3. Té helado de fresa y ortiga
La ortiga tiene una larga historia en la medicina tradicional europea para tratar el dolor articular y la gota mediante la inhibición de las enzimas inflamatorias.
* Nota de seguridad: La ortiga puede interactuar con diuréticos y medicamentos para la presión arterial.
* Cómo hacerlo: Cocine a fuego lento 6 tazas de agua con 1 ½ tazas de fresas en rodajas y ¼ de cucharadita de extracto de vainilla durante 15 minutos. Retire del fuego, agregue 2 cucharadas de hojas de ortiga secas y deje reposar durante 10 minutos. Colar y servir sobre hielo.
4. Té helado de rosa mosqueta
Los escaramujos son una fuente concentrada de vitamina C y contienen varios compuestos, incluidos carotenoides y aceites grasos, que favorecen la salud de las articulaciones.
* Cómo hacerlo: Remoje 4 bolsitas de té de rosa mosqueta en 6 tazas de agua hervida durante 10 a 15 minutos. Deje enfriar a temperatura ambiente y sirva con hielo, adornado con menta fresca.
5. Té negro helado de limón
El té negro es una rica fuente de quercetina, que puede ayudar a reducir la rigidez que a menudo se siente por las mañanas.
* Nota de seguridad: El té negro contiene cafeína. Si eres sensible a los estimulantes, opta por una versión descafeinada.

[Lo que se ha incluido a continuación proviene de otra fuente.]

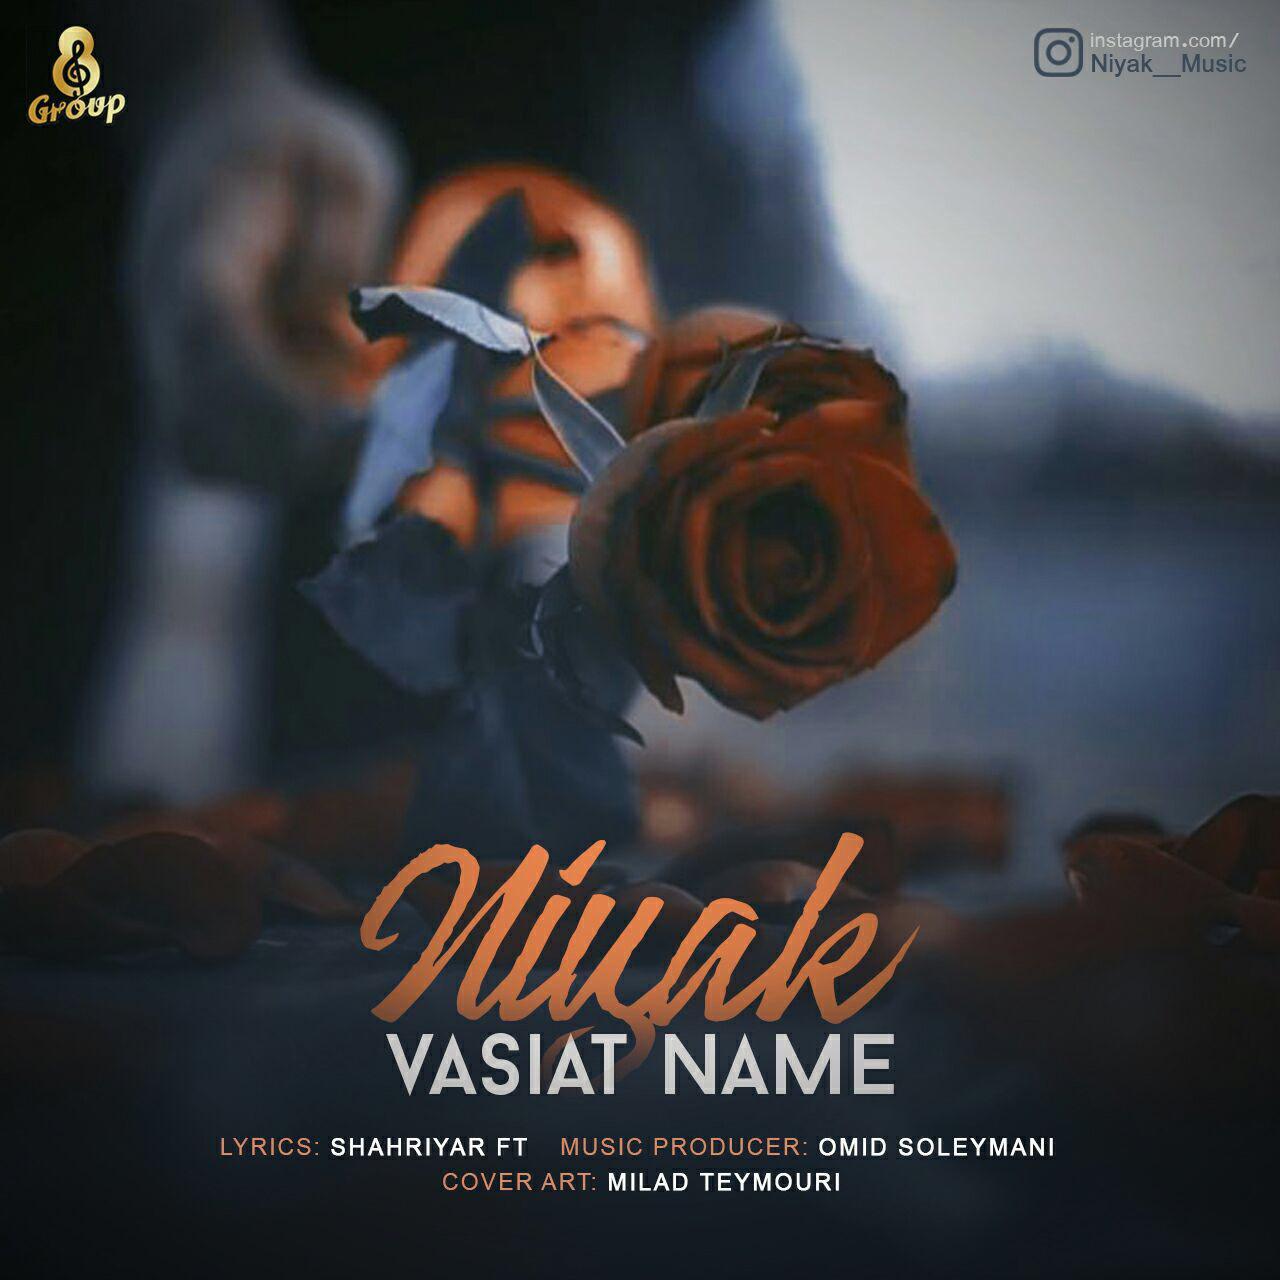 Niyak – Vasiyat Name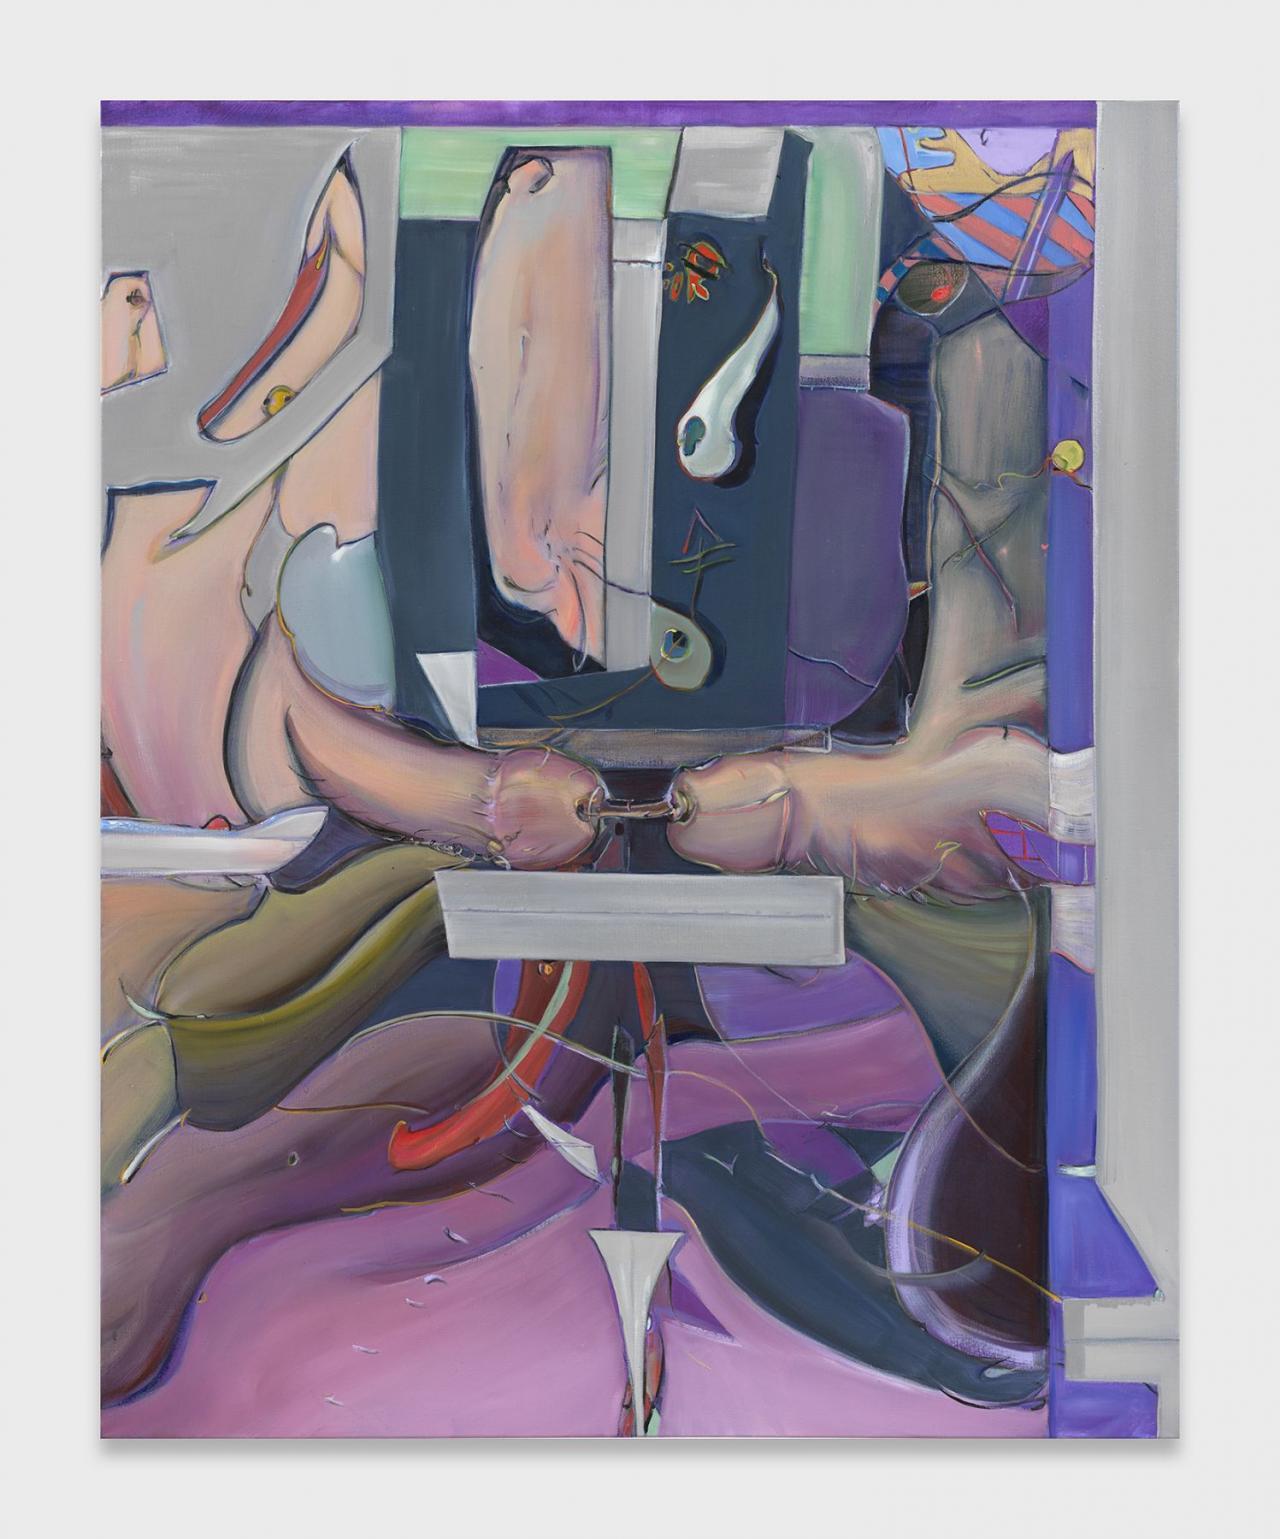 Stefanie Heinze, Soft Becomings , 2020.

* Cómo prepararlo: Remoje 2 bolsitas de té negro en 4 tazas de agua hervida durante 3 a 5 minutos. Retire las bolsas, agregue 2 oz de jugo de limón, endulce al gusto y sirva con hielo.
Resumen
Si bien el té puede servir como una adición útil y deliciosa a un estilo de vida destinado a reducir la inflamación, es más efectivo cuando se usa como suplemento, no como reemplazo, de la atención médica profesional. Coordine siempre cualquier cambio dietético significativo con su proveedor de atención médica para garantizar la seguridad y eficacia.